Kini Aresta pun berubah 180 derajat menjadi cewek cantik
seutuhnya, ia meninggalkan kebiasaan ‘gembel’ nya. Dan lagi-lagi
sahabat-sahabatnya yang mendandani cewek yang satu ini menjadi cewek rapi nan
cantik. Hampir setiap minggu Aresta selalu menyempatkan dirinya untuk pergi ke
mall dan ke salon tentunya ia meminta para sahabatnya itu menemani.
Sahabat-sahabat Aresta kini terbiasa dengan kelakuan Aresta. Mereka selalu
mengikuti perkembangan kisah cinta sahabatnya yang satu ini. Mereka pun selalu
ada saat Aresta mau ngoceh, cerita panjang lebar sampai waktu istirahat habis.
Mereka memang sahabat terbaik yang Aresta miliki.
***
Dua bulan berlalu, namun kak Arga belum juga ‘nembak’
Aresta. Aresta pun semakin cemas, para sahabatnya juga semakin cemas. Ia
semakin gusar karena ia kini merasa ada jarak antara dirinya dan kak Arga. Setelah
perkenalannya dua bulan bersama kak Arga, kak Arga seperti menghilang perlahan.

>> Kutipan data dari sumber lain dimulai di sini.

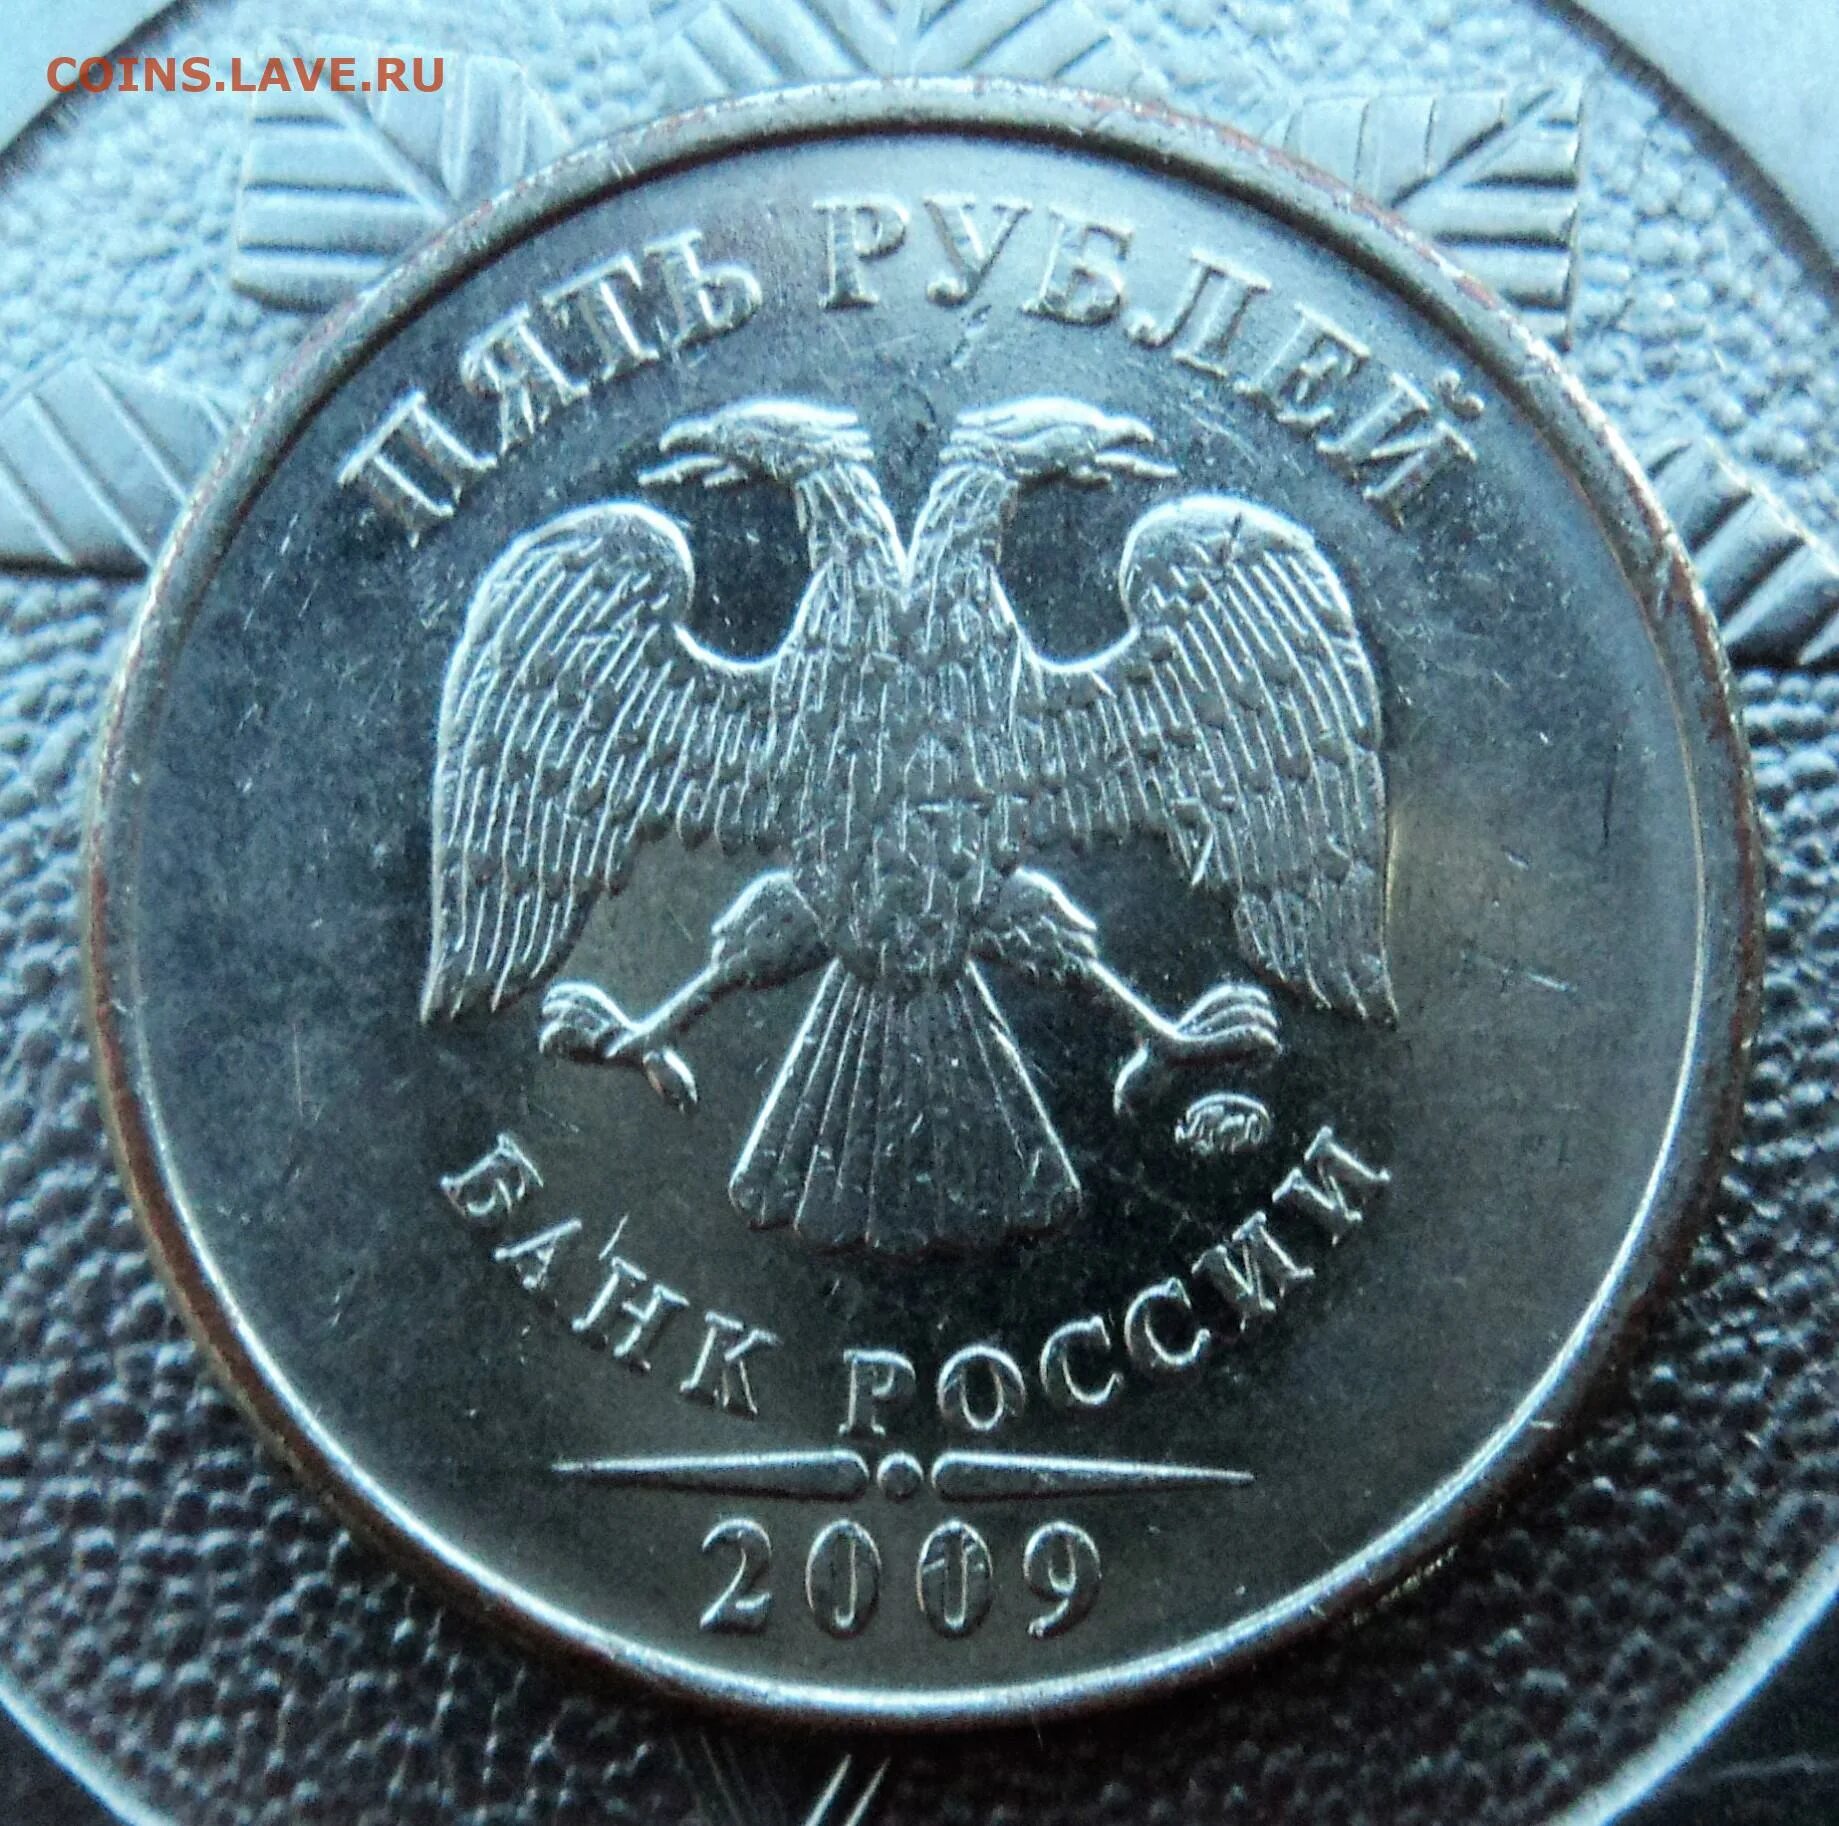 5 рублей 2024 года. Монета с орлом и львом. 5 Рублей 2009 раскол. Редкие монеты России 2 рубля 2009 г.

Aresta seperti badan yang kehilangan nyawanya perlahan.
***
Bruuuuukkkkkk…
“Aduhhh…” Aresta tidak melanjutkan kalimatnnya, dirasakannya sakit karena
tubuhnya tersungkur jatuh di lantai. Tubuhnya terlalu lemas hingga ia tidak
bisa berkata lebih banyak lagi.
“Aduh sory, gue nabrak loe lagi, ehh loe kenapa kok lemes
gitu? Karena Arga ya? Ehh bangun dong, sini gue bantu.” Suara kak Airlangga,
seperti tak didengar Aresta, ia tetap diam, tetapi tetap masuk ke otaknya. Ia
berjalan dipapah kak Airlangga sampai ke kelasnya. Di dalam kelasnya semua
warga kelas termasuk warga anak kelas sebelas terbengong-bengong melihat
kejadian itu. Ditambah mereka melihat Aresta lemas, semakin berfantasilah otak
mereka. Sampai di kelas Aresta masih saja muram. Dan sesaat setelah kak
Airlangga menghilang, seperti ada petir yang melintas di otaknya, ia seketika
terengang, ia kembali teringat kata-kata kak Airlangga saat membantunya berdiri
tadi. Ia berdiri dan berlari ke luar kelas dan menyusul kak Airlangga. Tak
beberapa lama Aresta melihat sosok kak Airlangga, dan segera diraihnya tangan
seniornya itu.
“Kak? Tunggu kak,..” dengan nafas terengah-engah Aresta
mencoba berbicara.
“Ha? Ada apa Res?” kata kak Airlangga dengan bingung.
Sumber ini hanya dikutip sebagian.